Project 2: Local Feature Matching

Example of SIFT feature matching.

The goal of this assignment is to create a local feature matching algorithm using techniques described in Szeliski chapter 4.1. The pipeline we suggest is a simplified version of the famous SIFT pipeline. The matching pipeline is intended to work for instance-level matching -- multiple views of the same physical scene. There are three cores for this assignment

  1. Interest point detector,
  2. Local feature descriptor, and
  3. Feature matching

In addition to these minimum requirement for the assignment, the author worked on the following extra credits:

  1. up to 5 pts: Try detecting keypoints at multiple scales or using a scale selection method to pick the best scale.
  2. up to 5 pts: Likewise, if you are detecting keypoints at multiple scales, you should build the features at the corresponding scales.
  3. Also, this extra credit may apply
  4. up to 3 pts: The simplest thing to do is to experiment with the numerous SIFT parameters: how big should each feature be? How many local cells should it have? How many orientations should each histogram have? Different normalization schemes can have a significant effect, as well. Don't get lost in parameter tuning, though.

Image Pyramid

The easiest way to deal with a scaling issue is to utilize image pyramids. We have multiple ways to building an image pyramid such as the Gaussian and Laplacian pyramids.
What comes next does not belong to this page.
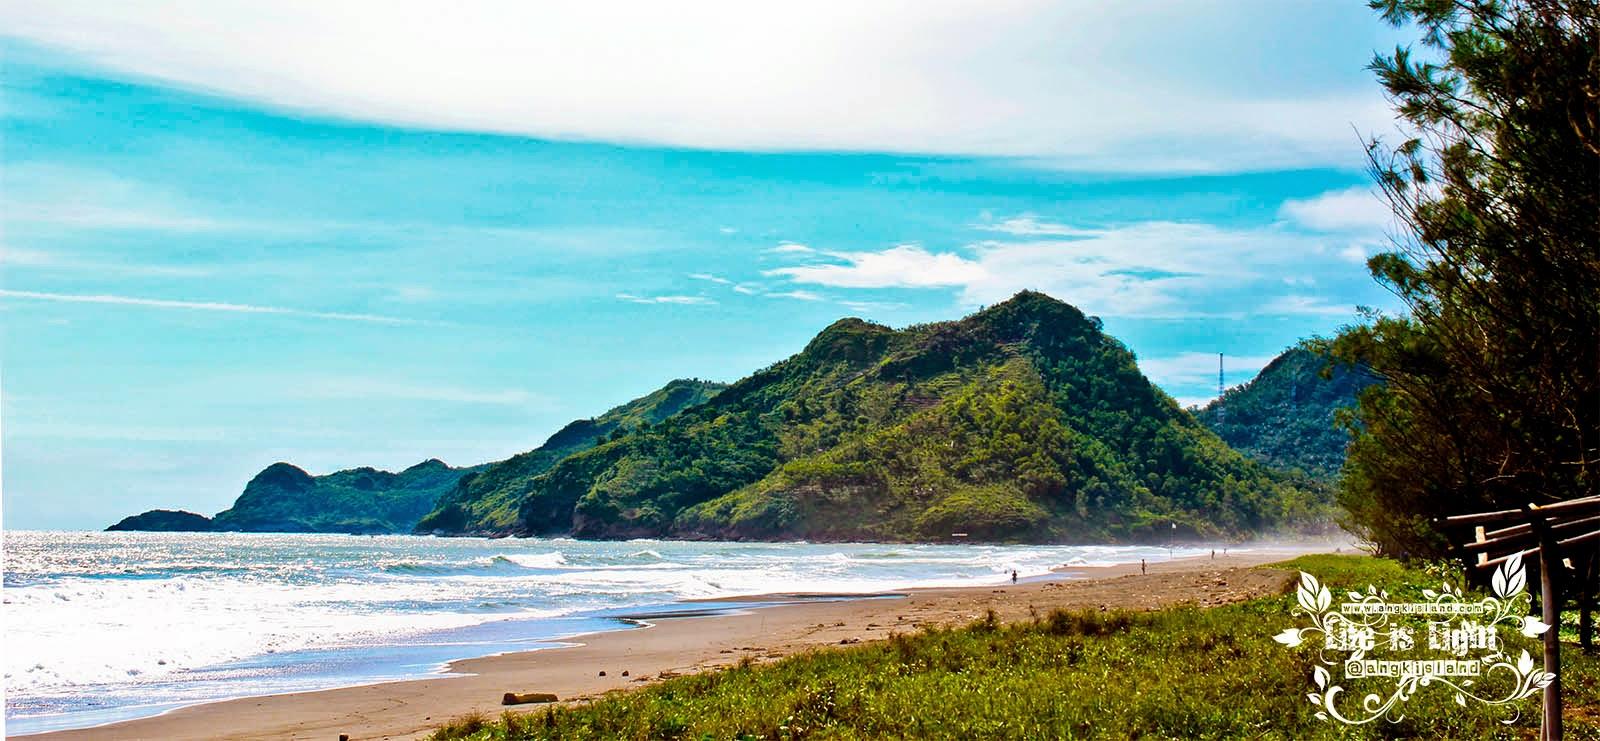 Pantai Criwik Kebumen

Laplacian pyramids are commonly used when whe need to reconstruct an upsampled image from the pyramid. Since our evaluation function check the correctness simply by counting the pixels from the true location, the simplest downsample method is chosen. The code used to build the image pyramid is as follows:


% build an image pyramid
pyramid_scale = 0.75;
% set this to one to see the non-scale-invariant version
pyramid_num = 7; 
image_tmp = image1_bw;
image1_pyramids = cell(pyramid_num);
for i = 1:pyramid_num
    image1_pyramids{i} = image_tmp;
    image_tmp = imresize(image_tmp, pyramid_scale, 'bilinear');
end
image_tmp = image2_bw;
image2_pyramids = cell(pyramid_num);
for i = 1:pyramid_num
    image2_pyramids{i} = image_tmp;
    image_tmp = imresize(image_tmp, pyramid_scale, 'bilinear');
end

This image pyramid is used to find interest points, to obtain feature descriptors, and to compute feature matching; thus, the implementation is relatively robust to the scale variance. The results are discussed in the last section.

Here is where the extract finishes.